Start streaming from both cameras

pipeline_1.start(config_1) pipeline_2.start(config_2)

Alignment

align_to = rs.stream.color align = rs.align(align_to)

try: while True:

    # Camera 1
    # Wait for a coherent pair of frames: depth and color
    frames_1 = pipeline_1.wait_for_frames()
    aligned_frames_1 = align.process(frames_1)
    aligned_depth_frame_1 = aligned_frames_1.get_depth_frame()
    #depth_frame_1 = frames_1.get_depth_frame()
    color_frame_1 = aligned_frames_1.get_color_frame()
    hands = aligned_frames_1.get_color_frame()
    if not aligned_depth_frame_1 or not color_frame_1:
        continue
    # Convert images to numpy arrays
    aligned_depth_image_1 = np.asanyarray(aligned_depth_frame_1.get_data())
    color_image_1 = np.asanyarray(color_frame_1.get_data())
    #hands_image_1 = np.asanyarray(color_frame_1.get_data())
    #Apply colormap on depth image (image must be converted to 8-bit per pixel first)
    depth_colormap_1 = cv2.applyColorMap(cv2.convertScaleAbs(aligned_depth_image_1, alpha=0.5), cv2.COLORMAP_JET)

    # Camera 2
    # Wait for a coherent pair of frames: depth and color
    frames_2 = pipeline_2.wait_for_frames()
    aligned_frames_2 = align.process(frames_2)
    aligned_depth_frame_2 = aligned_frames_2.get_depth_frame()
    # depth_frame_2 = frames_2.get_depth_frame()
    color_frame_2 = aligned_frames_2.get_color_frame()
    hands1 = aligned_frames_2.get_color_frame()
    if not aligned_depth_frame_2 or not color_frame_2:
        continue
    # Convert images to numpy arrays
    aligned_depth_image_2 = np.asanyarray(aligned_depth_frame_2.get_data())
    color_image_2 = np.asanyarray(color_frame_2.get_data())
    #hands_image_2 = np.asanyarray(color_frame_2.get_data())
    # Apply colormap on depth image (image must be converted to 8-bit per pixel first)
    depth_colormap_2 = cv2.applyColorMap(cv2.convertScaleAbs(aligned_depth_image_2, alpha=0.5), cv2.COLORMAP_JET)

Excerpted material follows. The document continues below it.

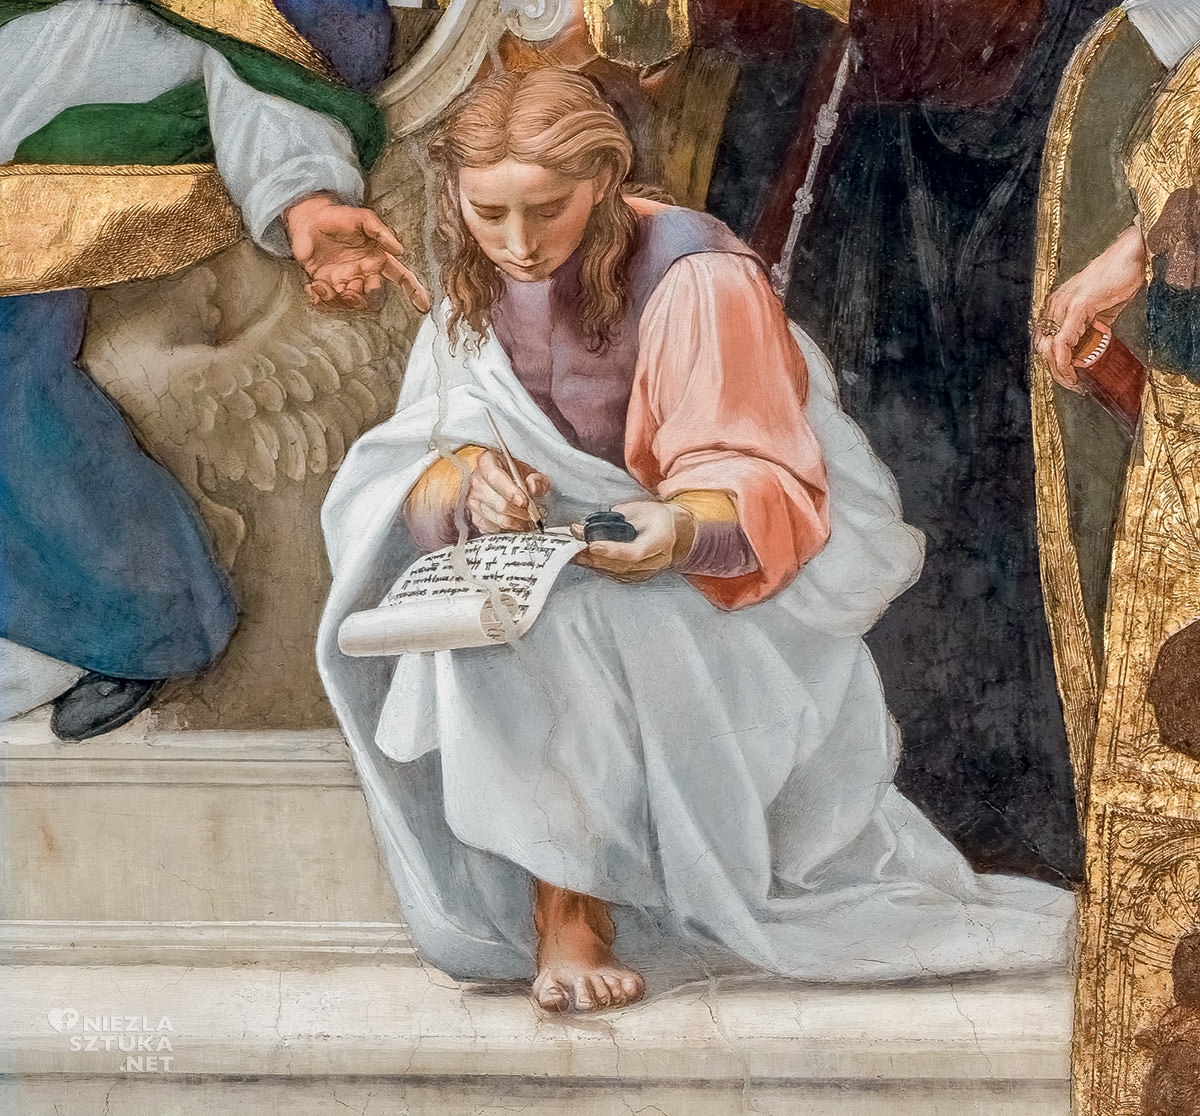 Stanze Watykańskie, Rafael Santi, Dysputa o Najświętszym Sakramencie, fresk, niezła sztuka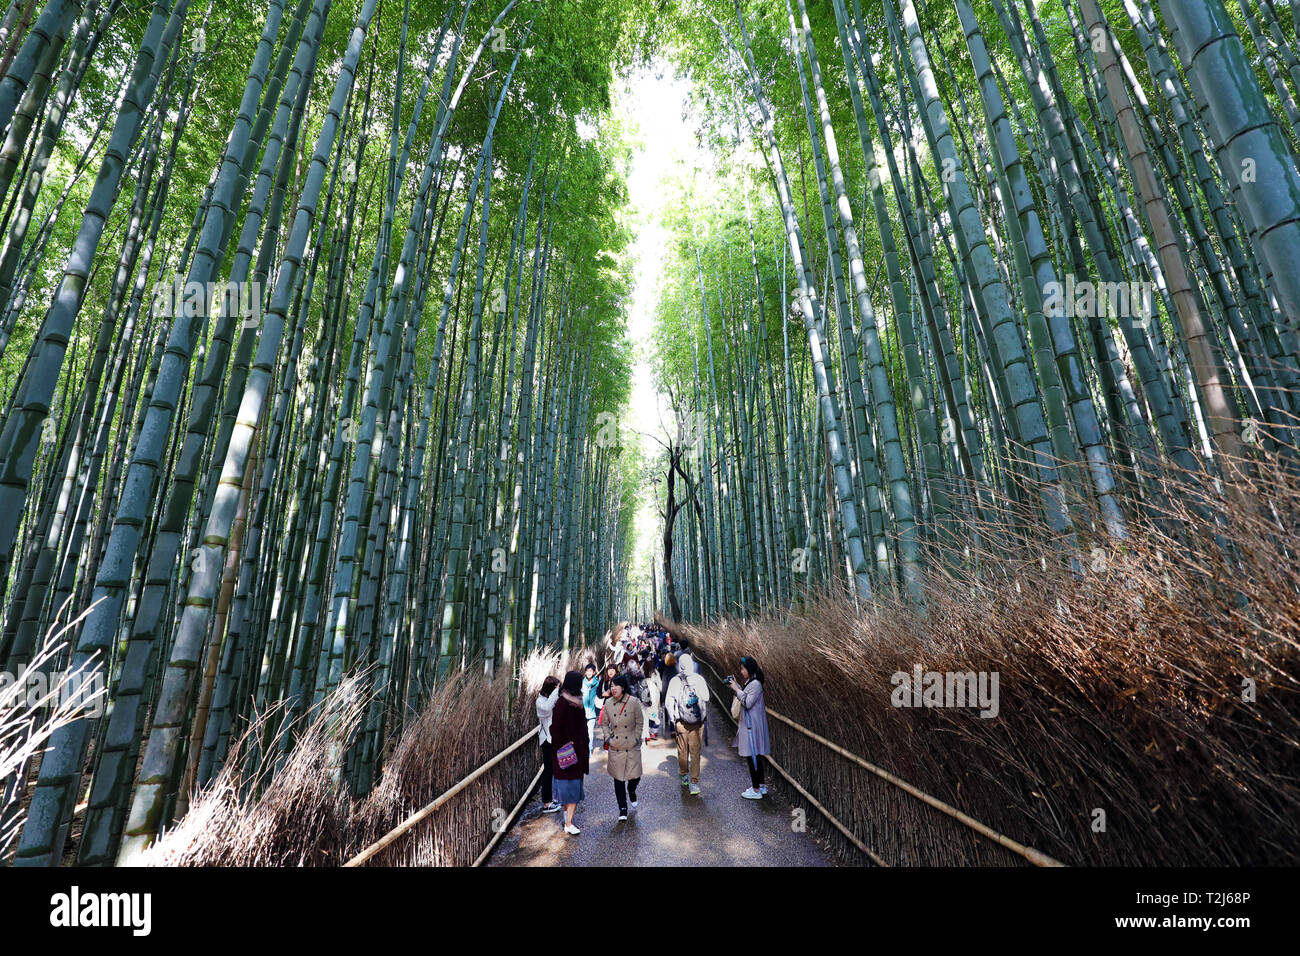 Tall Bamboo stalks in the Arashiyama Bamboo Grove, Kyoto, Japan Stock Photo

    # Stack all images horizontally
    #images = np.hstack((color_image_1,color_image_2))

    # Show images from both cameras

    cv2.imshow('RealSense', images)
    #cv2.imshow('left', color_image_1)
    #cv2.imshow('right', color_image_2)

    cv2.waitKey(1)

    # Save images and depth maps from both cameras by pressing 's'
    ch = cv2.waitKey(25)
    if ch == 115:
        cv2.imwrite("my_image_1.jpg", color_image_1)
        cv2.imwrite("my_depth_1.jpg", depth_colormap_1)
        cv2.imwrite("my_image_2.jpg", color_image_2)
        cv2.imwrite("my_depth_2.jpg", depth_colormap_2)
        print("Save")

    #distance = rs.depth_frame.get_distance(aligned_depth_image_1, 650, 340)
    #print(distance)

finally:

# Stop streaming
pipeline_1.stop()
pipeline_2.stop()

Capture

Swazir9449 commented 3 years ago

How can I use 840x840?

MartyG-RealSense commented 3 years ago

It is great to hear that you were successful in correcting your depth problem!

840x840 is not a resolution that is supported by RealSense. The closest supported resolution is 848x480

In regard to post-processing filters: they can play an important role in performing image enhancement such as reducing noise, stabilizing fluctuations, removing unwanted depth detail using minimum and maximum depth distances, and filling in holes and gaps. So they are more important than being for the purposes of visual pleasure.

It is fair to say though that there are other factors, such as lighting, environment and distance of an observed object from the camera, that will be a primary influence on the accuracy of depth measurements.

MartyG-RealSense commented 3 years ago

Hi @Swazir9449 Do you require further assistance with this case, please? Thanks!

MartyG-RealSense commented 3 years ago

Case closed due to no further comments received.